During a period when the PRNI is free-swinging, we collect a chunk of data that includes several resonances, as observed by the B2 photodiode (see Fig 1). The data around the minima are fit with quadratic functions (Fig is an example - this is the right-most resonance in Fig 1), and the minima of these quadratics are taken to be the cavity resonance points, separated in length by 532nm. From these data points we fit the evolution of the cavity length with a 4th-order polynomial (Fig 3) and calculate the velocity.
The optical gain, in volts/meter, is the ratio of the slope of the error signal (volts/second) with the cavity velocity (meters/second) around the resonance points. This is shown in the bottom panel of Fig 4, which includes a lot of data points that I collected mostly by hand, from a few different times on Friday afternoon. The calibration of the B2 6MHz signal is roughly 4.5 x 10^8 volts per meter of PRNI length motion.
This is just a first attempt, here are some notes:
I think there's a systematic effect introduced by the quadratic fitting when the velocity is changing rapidly. These tend to be the points clustered around 0.4e-5 m/s, 5.5e8 V/m in the bottom panel of Fig 4.

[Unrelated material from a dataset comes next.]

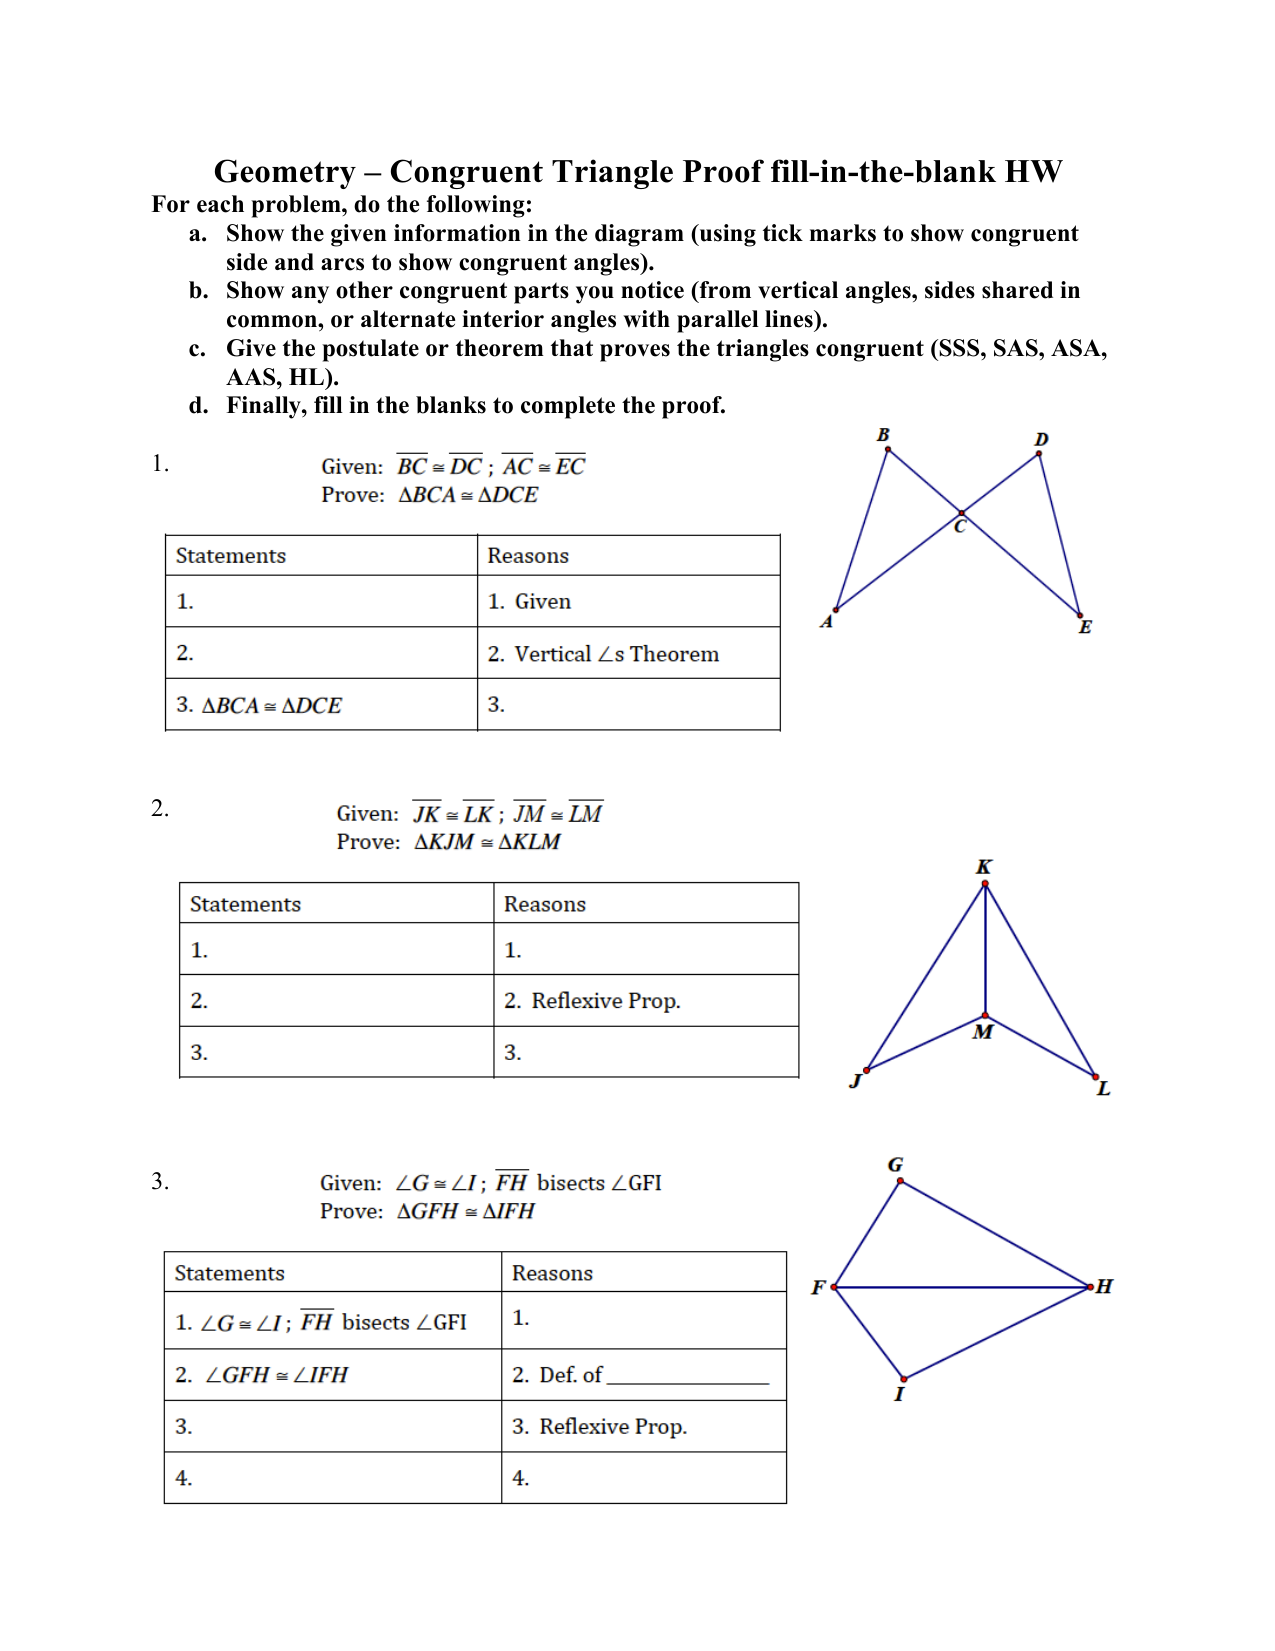 Geometry – Congruent Triangle Proof fill-in-the-blank Inside Triangle Congruence Proof Worksheet

In Fig 1, you can see a DC offset in the error signal at the resonance points of about 2 volts. If this is a dark offset in the B2 6MHz signal we can easily tune it out.
In Fig 4, the optical gain changes by tens of percent between measurements at different velocities (which are separated in time by up to a few hours). This may be due to changes in the demodulation phase, which changes the overall gain of the sensing path (since we're using a fixed demod phase for all of these measurements). In order to get a good calibration of the error signal and overall loop gain we should collect some free-swinging data immediately before locking the cavity and measuring the noise and loop shape. From there we can estimate the unsuppressed cavity motion, estimate the plant transfer function, and so on.
It would be more robust to drive the cavity length with the marionetta through many fringes, rather than relying on the excited pendulum modes to move the mirrors a few microns back and forth.
It will be interesting to compare the calibration of B2 6MHz to the 131Mhz signal (or the 8MHz, or the 56MHz) and confront these numbers with Finesse simulations.